This patch is provided as a temporary fix for the OpenClaw project. The original code and fixes are under the OpenClaw project license.


Last updated: February 2026

# =====================================
# OpenClaw Audio Binary Injection Fix
# =====================================
#
# WHAT THIS FIXES:
# ----------------
# Voice messages (especially from Telegram) were being treated as text files
# instead of audio. This caused the raw audio binary to be dumped into the
# chat context, wasting thousands of tokens and breaking conversations.
#
# SYMPTOMS:
# - Bot stops responding after a few voice messages
# - Session token count explodes to 200K+ with just a few voice notes
# - Voice messages show as "text/tab-separated-values" in logs
#
# THE FIX:
# --------
# Skips audio files from being embedded as text. Only the transcription
# (the converted text) goes to the AI, not the raw audio file.
#
# APPLICABLE TO:
# --------------
# - OpenClaw v2026.1.30 and earlier
# - Affects: Telegram voice messages, Discord audio, all voice notes
#
# ============================================================================
# INSTALLATION INSTRUCTIONS
# ============================================================================
#
# STEP 1: Find your OpenClaw installation directory
#
# macOS (Homebrew):
# /opt/homebrew/lib/node_modules/openclaw/
#
# Linux (nvm):
# ~/.nvm/versions/node/v22.22.0/lib/node_modules/openclaw/
#
# Linux (npm global):
# /usr/lib/node_modules/openclaw/
#
# Windows:
# %APPDATA%\npm\node_modules\openclaw\
#
# STEP 2: Apply this patch
#
# From this directory, run:
#
# patch -p1 < fix-audio-binary.patch /path/to/openclaw/dist/media-understanding/apply.js
#
# Or edit the file manually:
# - Open: dist/media-understanding/apply.js
# - Apply the changes shown in the "Patch" section below
#
# STEP 3: Restart OpenClaw
#
# openclaw gateway restart
#
# VERIFICATION:
# Send a voice note. The bot should respond normally, and you should NOT
# see <file name="...ogg" mime="text/tab-separated-values"> in the session.
#
# ============================================================================
# PATCH START - Changes to dist/media-understanding/apply.js
# ============================================================================
--- a/dist/media-understanding/apply.js
+++ b/dist/media-understanding/apply.js
@@ -97,6 +97,27 @@ function resolveUtf16Charset(buffer) {
}
return undefined;
}
+
+/**
+ * Detects binary audio files by their magic bytes (file signatures).
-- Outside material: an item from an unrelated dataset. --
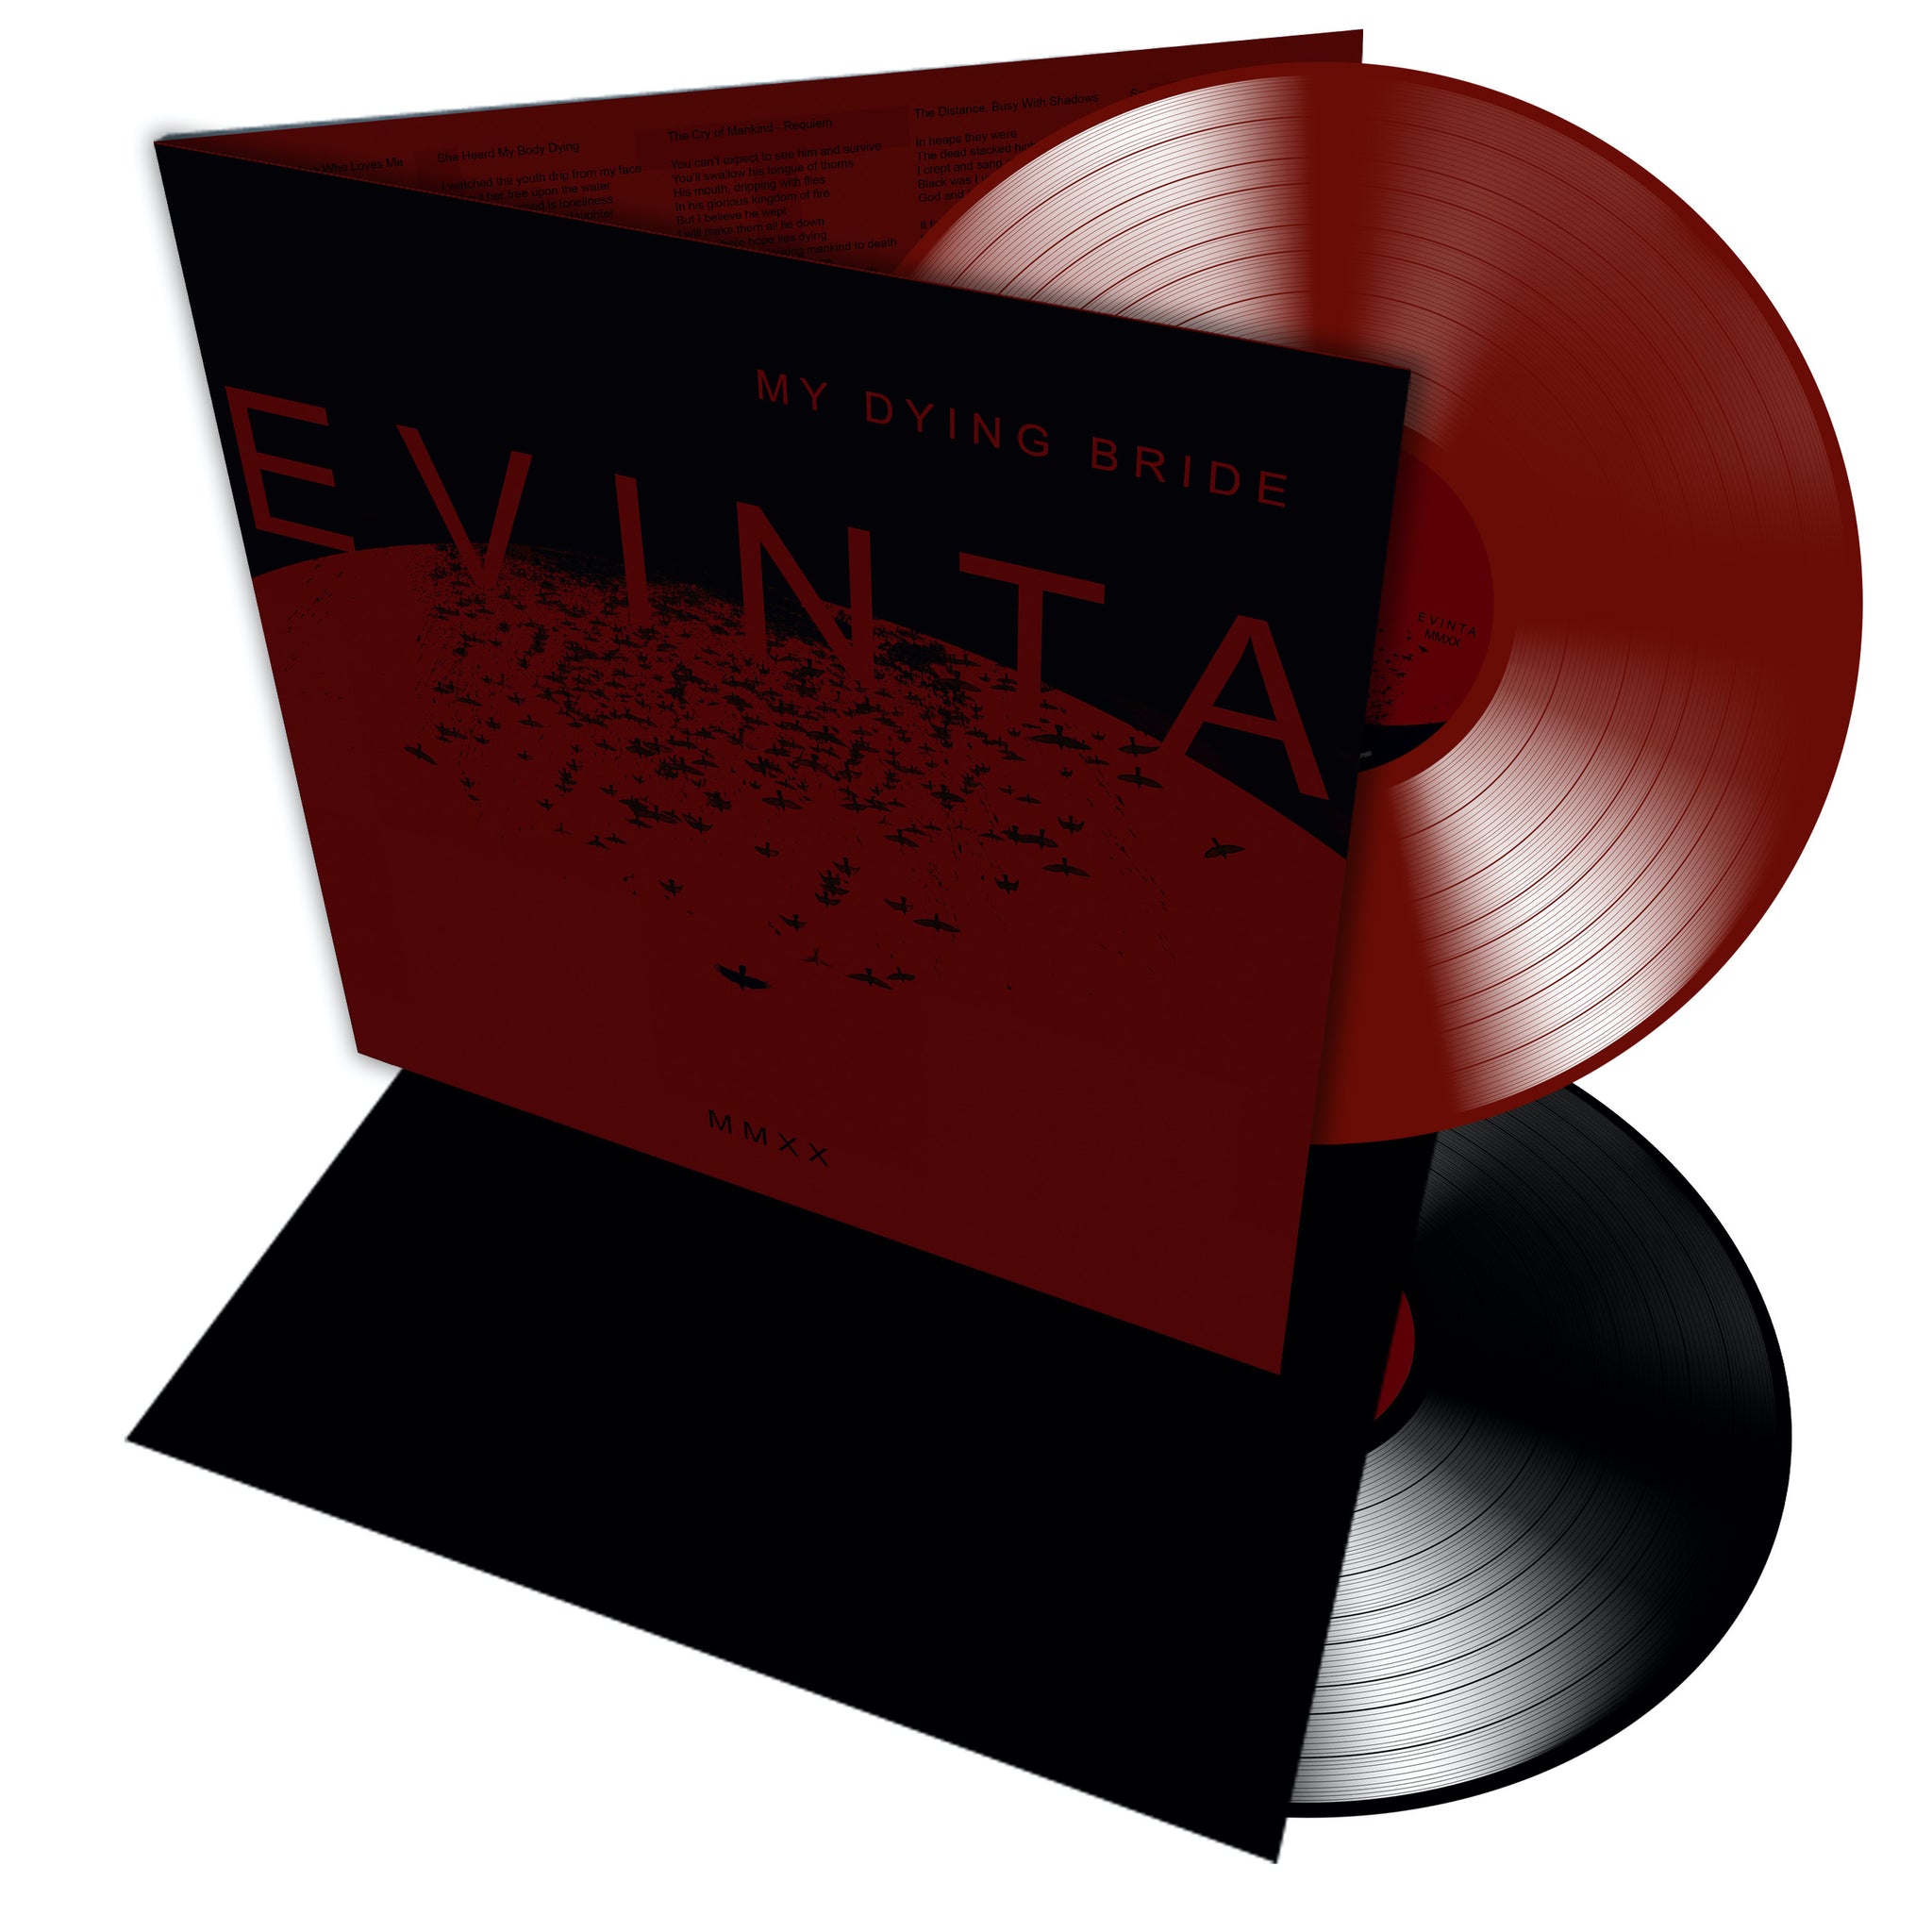 My Dying Bride "Evinta MMXX" 2x12" Vinyl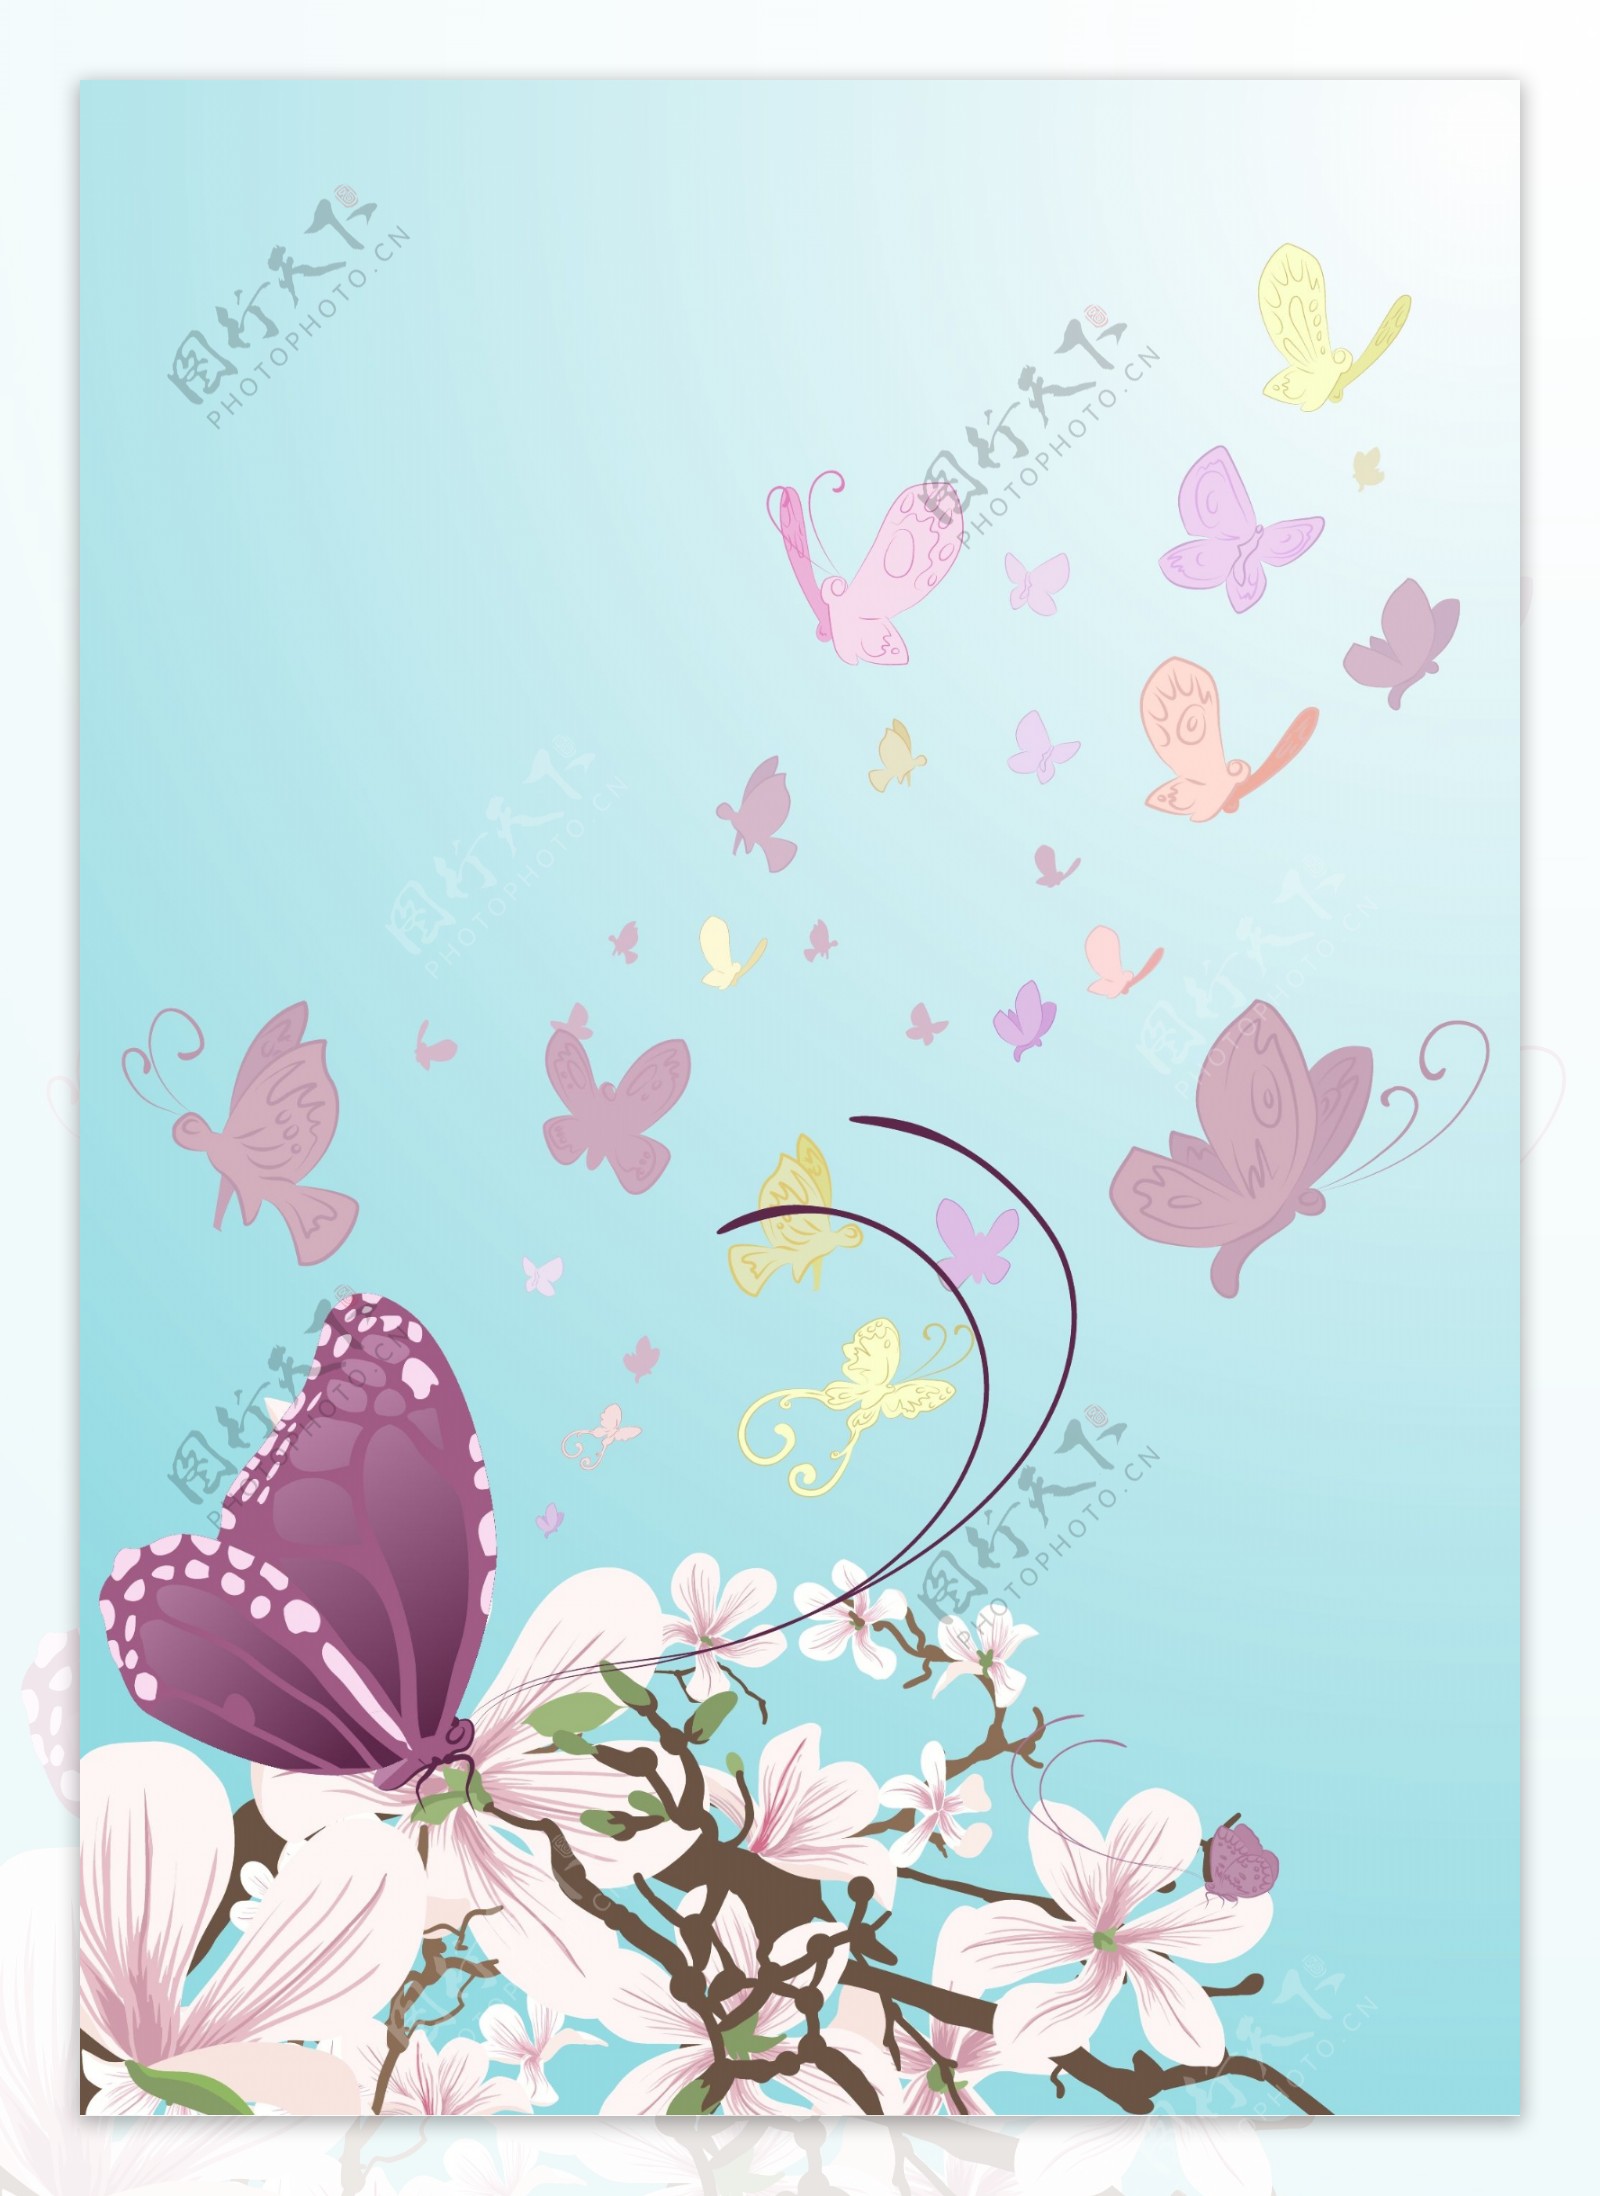 紫色蝴蝶与花朵矢量素材图片

+ * This prevents OGG/Opus and MP3 files from being misidentified as text
+ * due to their ASCII-heavy headers passing the utf8 text check.
+ *
+ * OGG container: "OggS" (RFC 3533 Section 6)
+ * MP3 with ID3v2: "ID3" (id3.org spec Section 3.1)
+ */
+function hasBinaryAudioMagic(buffer) {
+ if (!buffer || buffer.length < 3) {
+ return false;
+ }
+ // OGG container: "OggS" signature (4 bytes)
+ if (buffer.length >= 4 &&
+ buffer[0] === 0x4F && // O
+ buffer[1] === 0x67 && // g
+ buffer[2] === 0x67 && // g
+ buffer[3] === 0x53) { // S
+ return true;
+ }
+ // MP3 with ID3v2: "ID3" signature (3 bytes)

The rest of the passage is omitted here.